**Goal of the exercise**
Your answer should repeat exactly the lines from the one holding "A bride and" through the end of the data, and it should contain no pictures.

**Records shown**
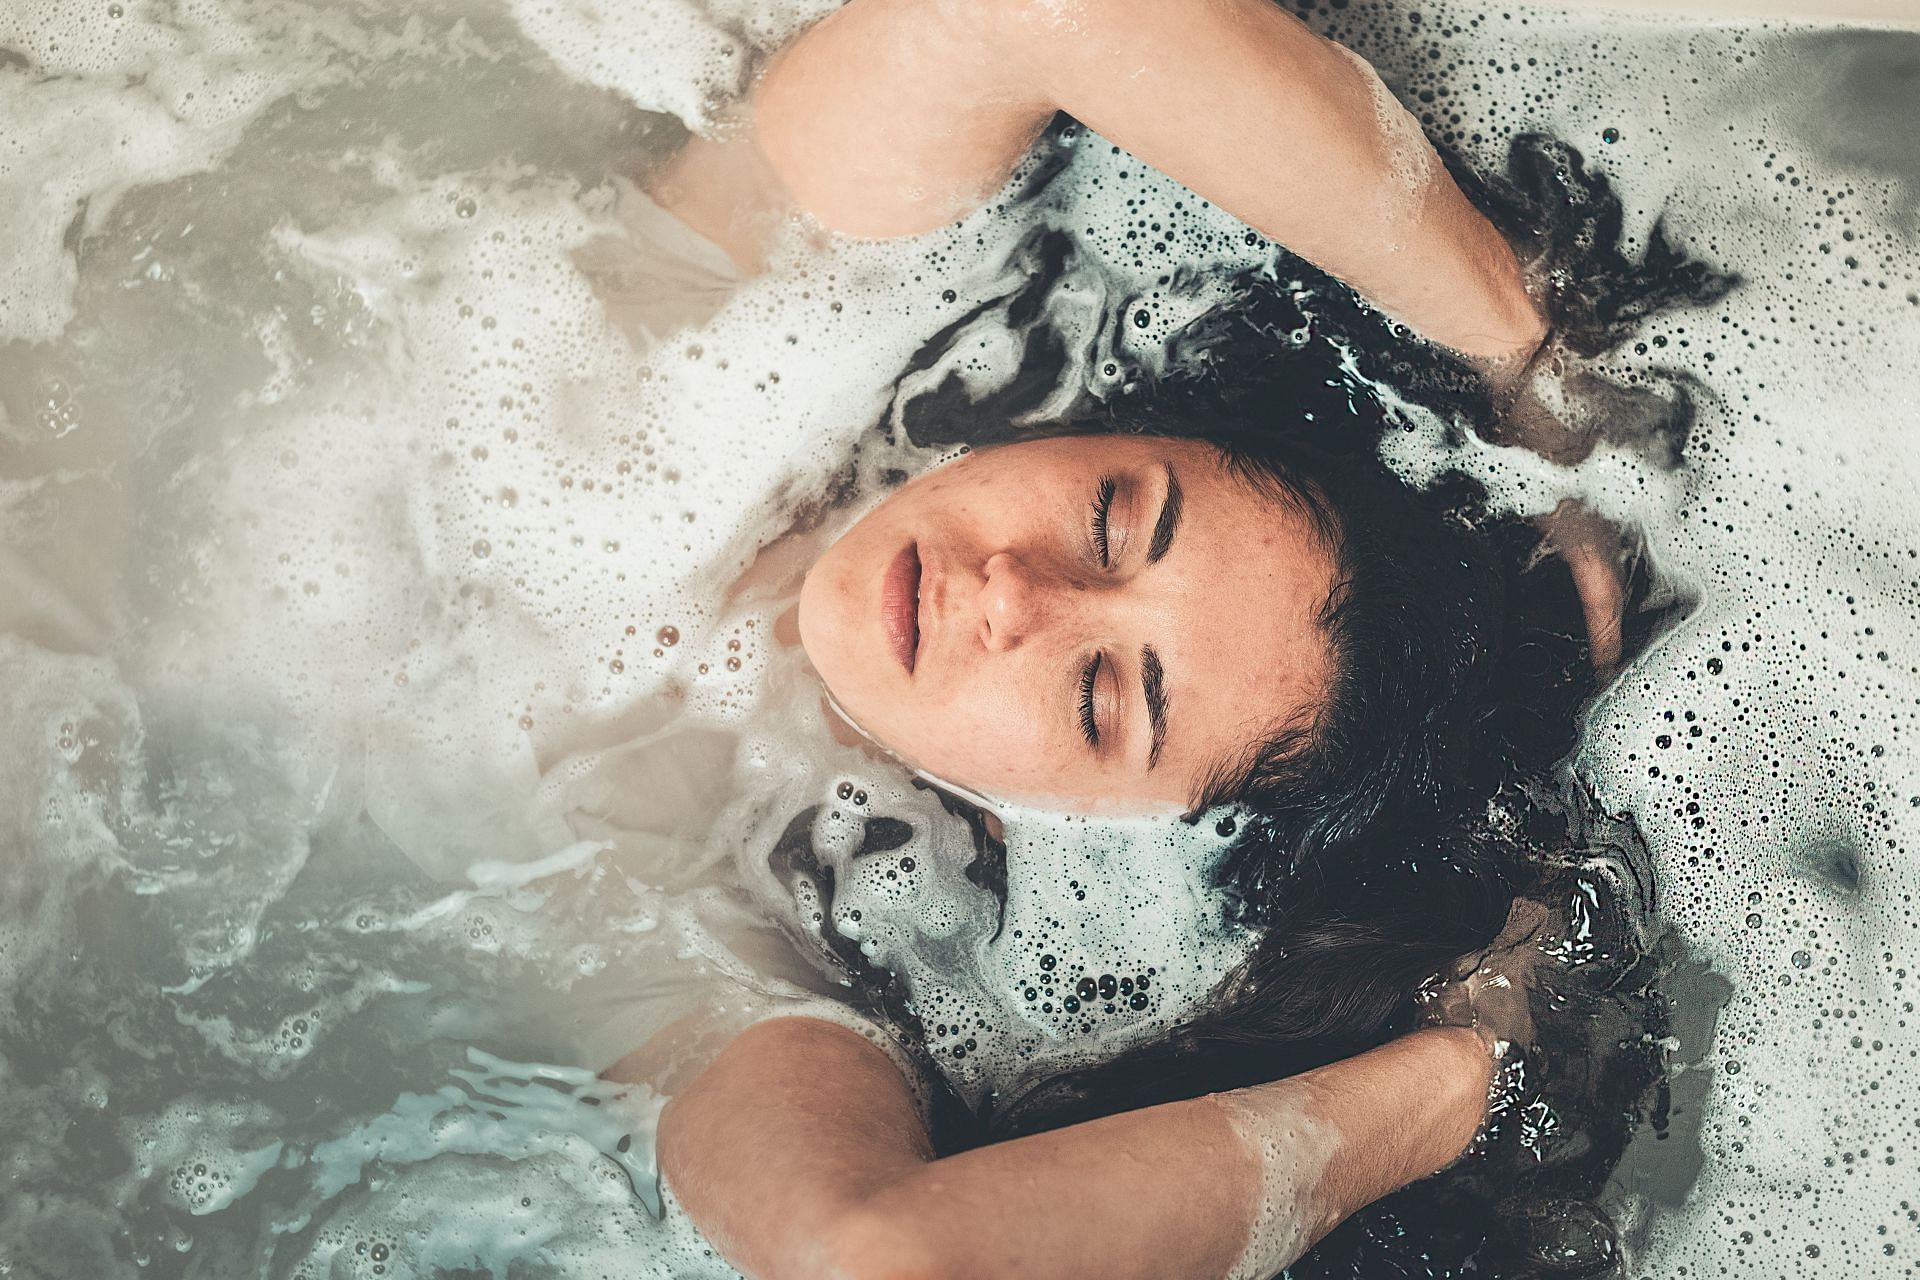 A nice bath can be soothing after a ling day. (Image via Pexels/ Craig Adderley)
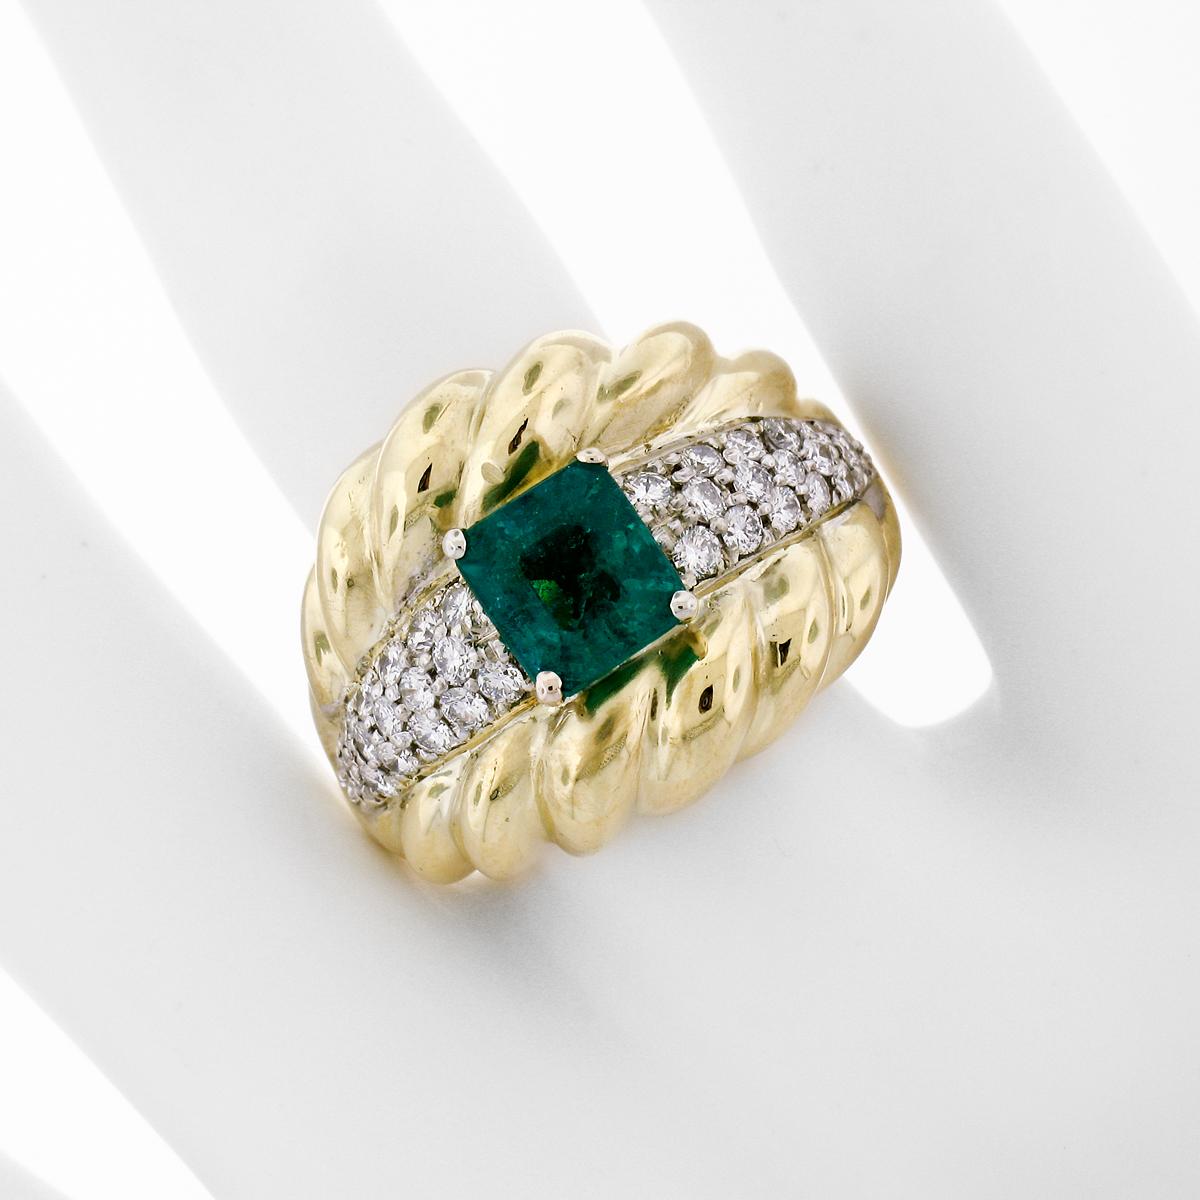 Vintage 18K TT Gold 2.29ctw GIA Colombian Emerald & Diamond Cocktail Ring In Excellent Condition For Sale In Montclair, NJ
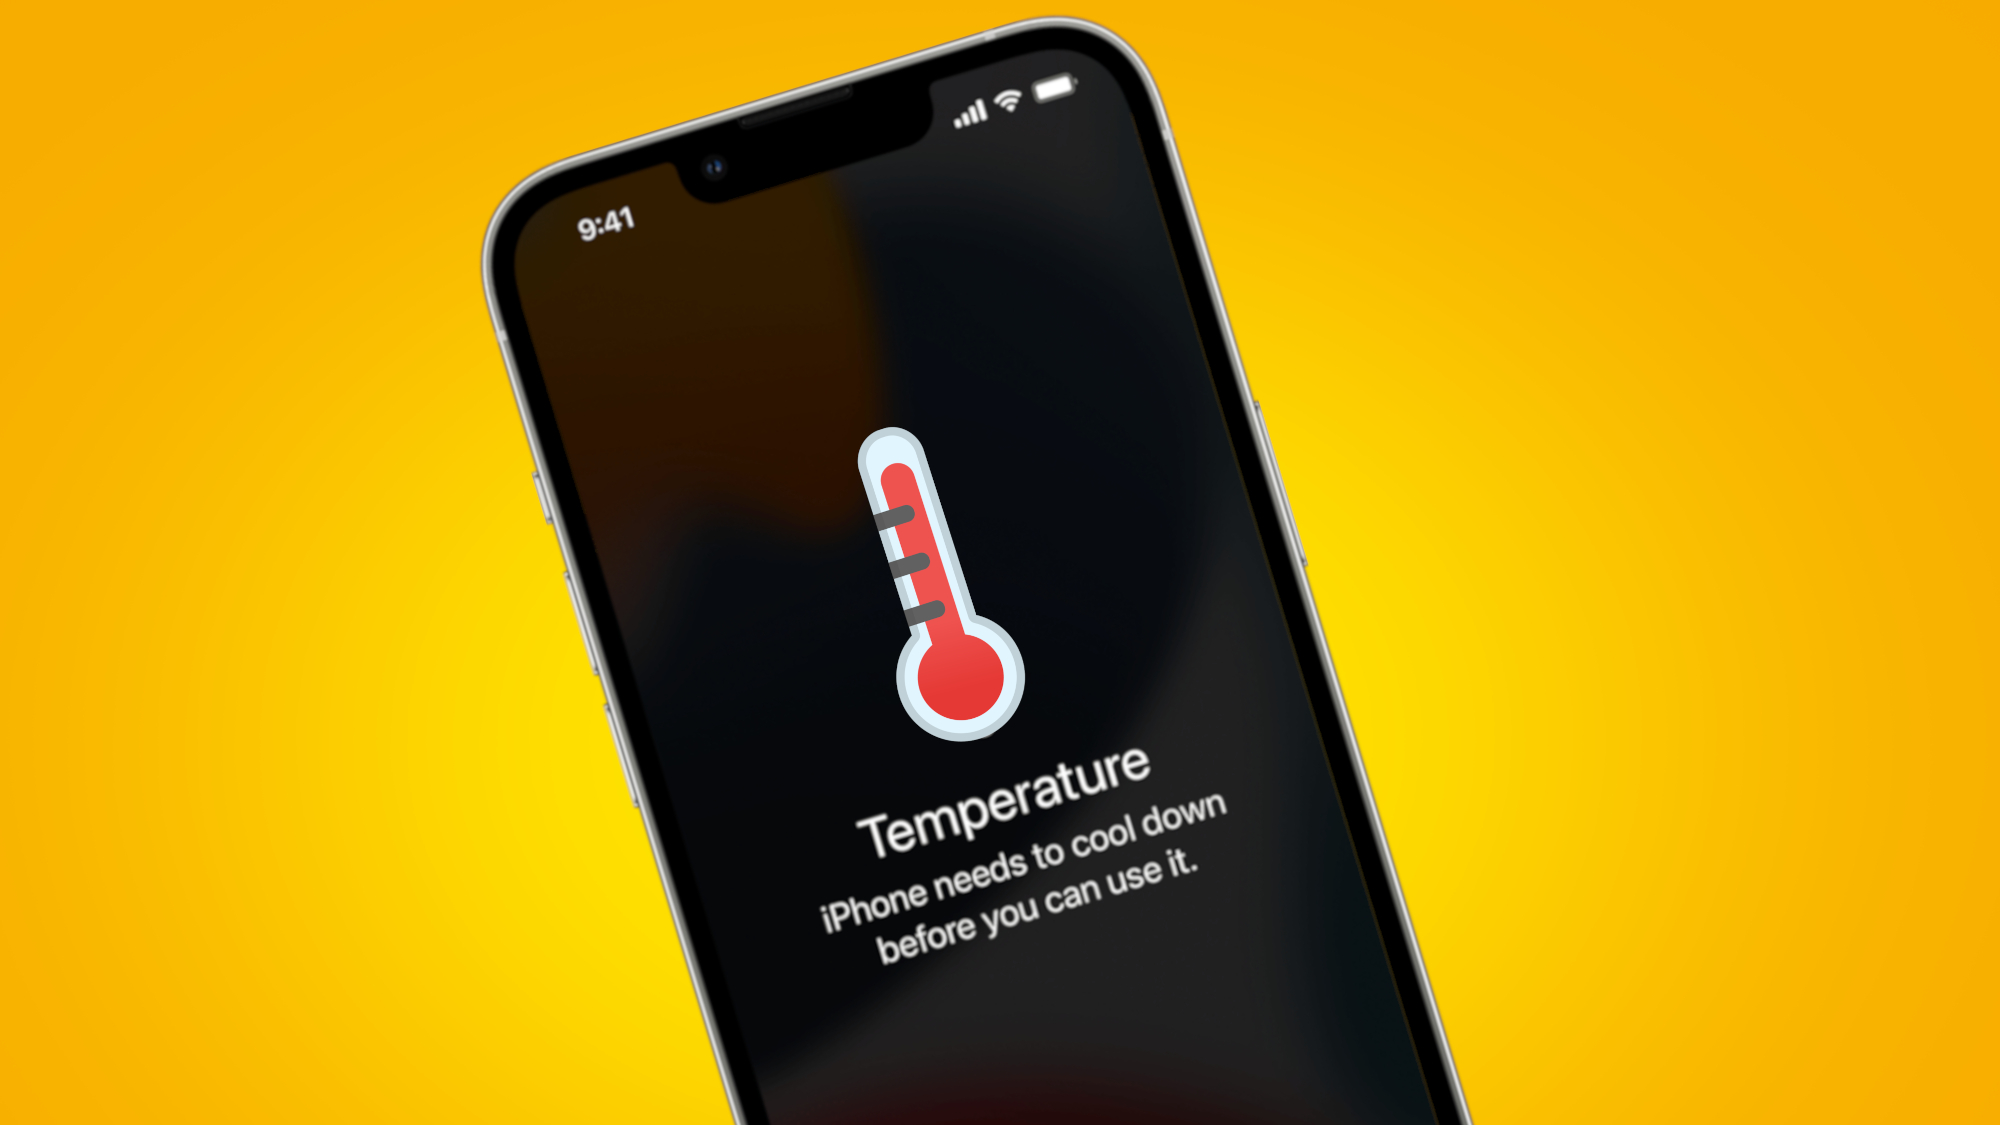 Iphone Overheating These Are The Best And Worst Ways To Cool It Down
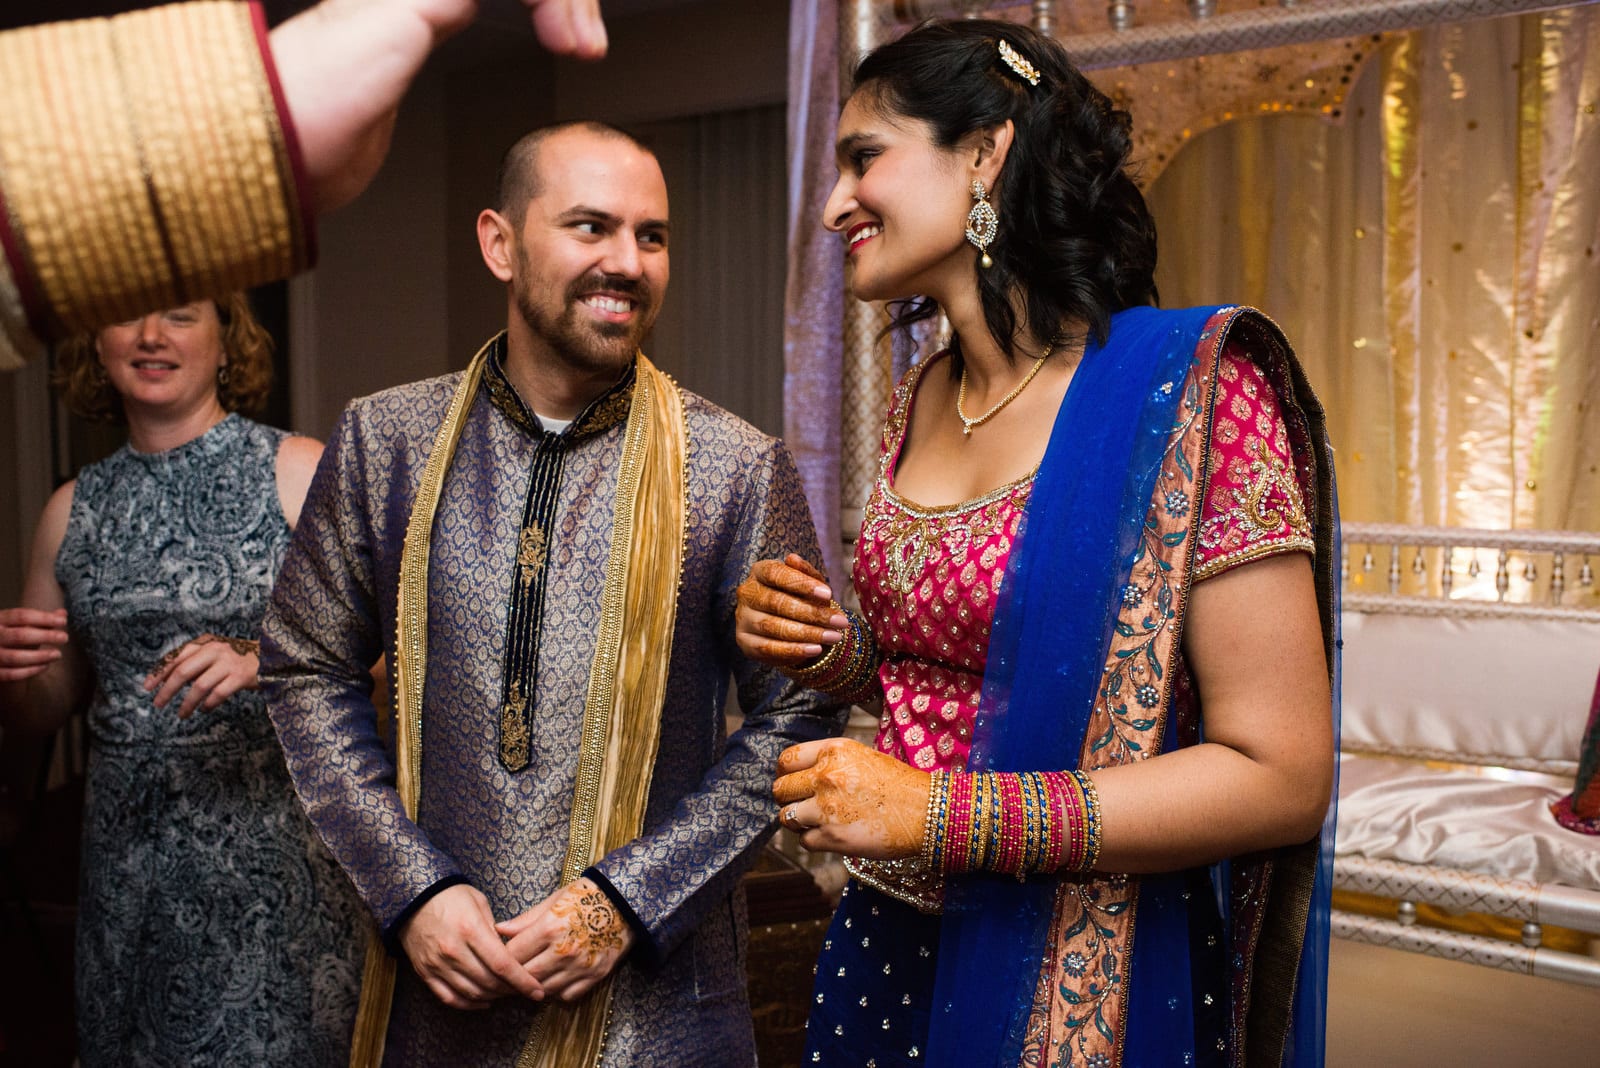 A bride and groom link arms as they dance wearing traditional Indian clothing during their Renaissance Phipps South Asian Wedding.
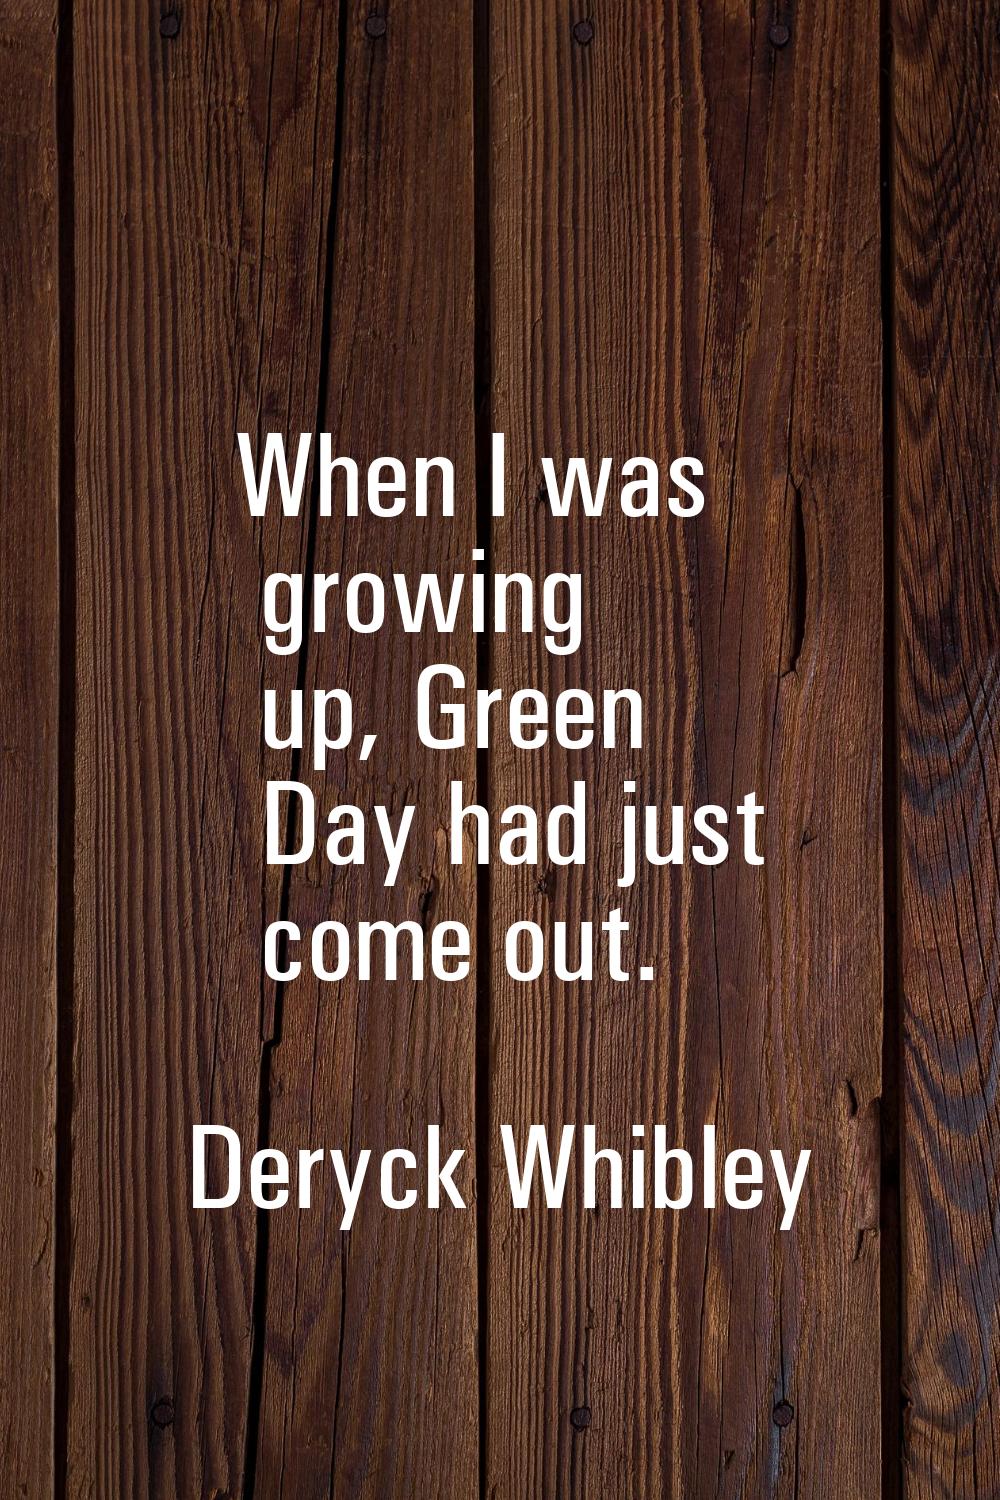 When I was growing up, Green Day had just come out.

**Response below**
 A bride and groom link arms as they dance wearing traditional Indian clothing during their Renaissance Phipps South Asian Wedding.
 When I was growing up, Green Day had just come out.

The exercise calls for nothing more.